• PROBLEM STATEMENT
Quote the full listing word for word.
-- -- --
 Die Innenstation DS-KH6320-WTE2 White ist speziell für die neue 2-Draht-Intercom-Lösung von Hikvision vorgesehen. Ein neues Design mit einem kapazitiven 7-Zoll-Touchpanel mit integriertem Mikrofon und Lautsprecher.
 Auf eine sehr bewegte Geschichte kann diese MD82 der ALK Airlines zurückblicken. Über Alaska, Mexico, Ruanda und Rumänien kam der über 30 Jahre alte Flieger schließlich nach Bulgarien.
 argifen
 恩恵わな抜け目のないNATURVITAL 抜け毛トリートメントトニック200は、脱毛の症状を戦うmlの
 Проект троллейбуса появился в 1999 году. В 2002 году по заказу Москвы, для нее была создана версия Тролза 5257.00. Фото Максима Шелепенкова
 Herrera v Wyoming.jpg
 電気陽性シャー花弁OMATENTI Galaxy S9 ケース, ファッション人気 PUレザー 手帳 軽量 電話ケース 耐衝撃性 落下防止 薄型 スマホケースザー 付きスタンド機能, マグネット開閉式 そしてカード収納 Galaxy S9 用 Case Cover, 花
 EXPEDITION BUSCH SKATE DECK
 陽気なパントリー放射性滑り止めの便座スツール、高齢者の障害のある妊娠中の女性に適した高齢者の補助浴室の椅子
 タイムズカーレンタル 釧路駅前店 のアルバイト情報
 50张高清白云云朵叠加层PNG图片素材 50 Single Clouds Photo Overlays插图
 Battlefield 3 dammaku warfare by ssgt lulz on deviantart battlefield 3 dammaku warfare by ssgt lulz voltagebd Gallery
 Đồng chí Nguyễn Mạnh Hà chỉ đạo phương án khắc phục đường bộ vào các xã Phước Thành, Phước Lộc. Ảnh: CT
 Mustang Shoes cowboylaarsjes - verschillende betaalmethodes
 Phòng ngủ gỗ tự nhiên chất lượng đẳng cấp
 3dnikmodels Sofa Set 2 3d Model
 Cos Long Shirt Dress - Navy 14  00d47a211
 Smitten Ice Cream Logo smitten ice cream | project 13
-- -- --
• TASK OUTPUT
 Die Innenstation DS-KH6320-WTE2 White ist speziell für die neue 2-Draht-Intercom-Lösung von Hikvision vorgesehen. Ein neues Design mit einem kapazitiven 7-Zoll-Touchpanel mit integriertem Mikrofon und Lautsprecher.
 Auf eine sehr bewegte Geschichte kann diese MD82 der ALK Airlines zurückblicken. Über Alaska, Mexico, Ruanda und Rumänien kam der über 30 Jahre alte Flieger schließlich nach Bulgarien.
 argifen
 恩恵わな抜け目のないNATURVITAL 抜け毛トリートメントトニック200は、脱毛の症状を戦うmlの
 Проект троллейбуса появился в 1999 году. В 2002 году по заказу Москвы, для нее была создана версия Тролза 5257.00. Фото Максима Шелепенкова
 Herrera v Wyoming.jpg
 電気陽性シャー花弁OMATENTI Galaxy S9 ケース, ファッション人気 PUレザー 手帳 軽量 電話ケース 耐衝撃性 落下防止 薄型 スマホケースザー 付きスタンド機能, マグネット開閉式 そしてカード収納 Galaxy S9 用 Case Cover, 花
 EXPEDITION BUSCH SKATE DECK
 陽気なパントリー放射性滑り止めの便座スツール、高齢者の障害のある妊娠中の女性に適した高齢者の補助浴室の椅子
 タイムズカーレンタル 釧路駅前店 のアルバイト情報
 50张高清白云云朵叠加层PNG图片素材 50 Single Clouds Photo Overlays插图
 Battlefield 3 dammaku warfare by ssgt lulz on deviantart battlefield 3 dammaku warfare by ssgt lulz voltagebd Gallery
 Đồng chí Nguyễn Mạnh Hà chỉ đạo phương án khắc phục đường bộ vào các xã Phước Thành, Phước Lộc. Ảnh: CT
 Mustang Shoes cowboylaarsjes - verschillende betaalmethodes
 Phòng ngủ gỗ tự nhiên chất lượng đẳng cấp
 3dnikmodels Sofa Set 2 3d Model
 Cos Long Shirt Dress - Navy 14  00d47a211
 Smitten Ice Cream Logo smitten ice cream | project 13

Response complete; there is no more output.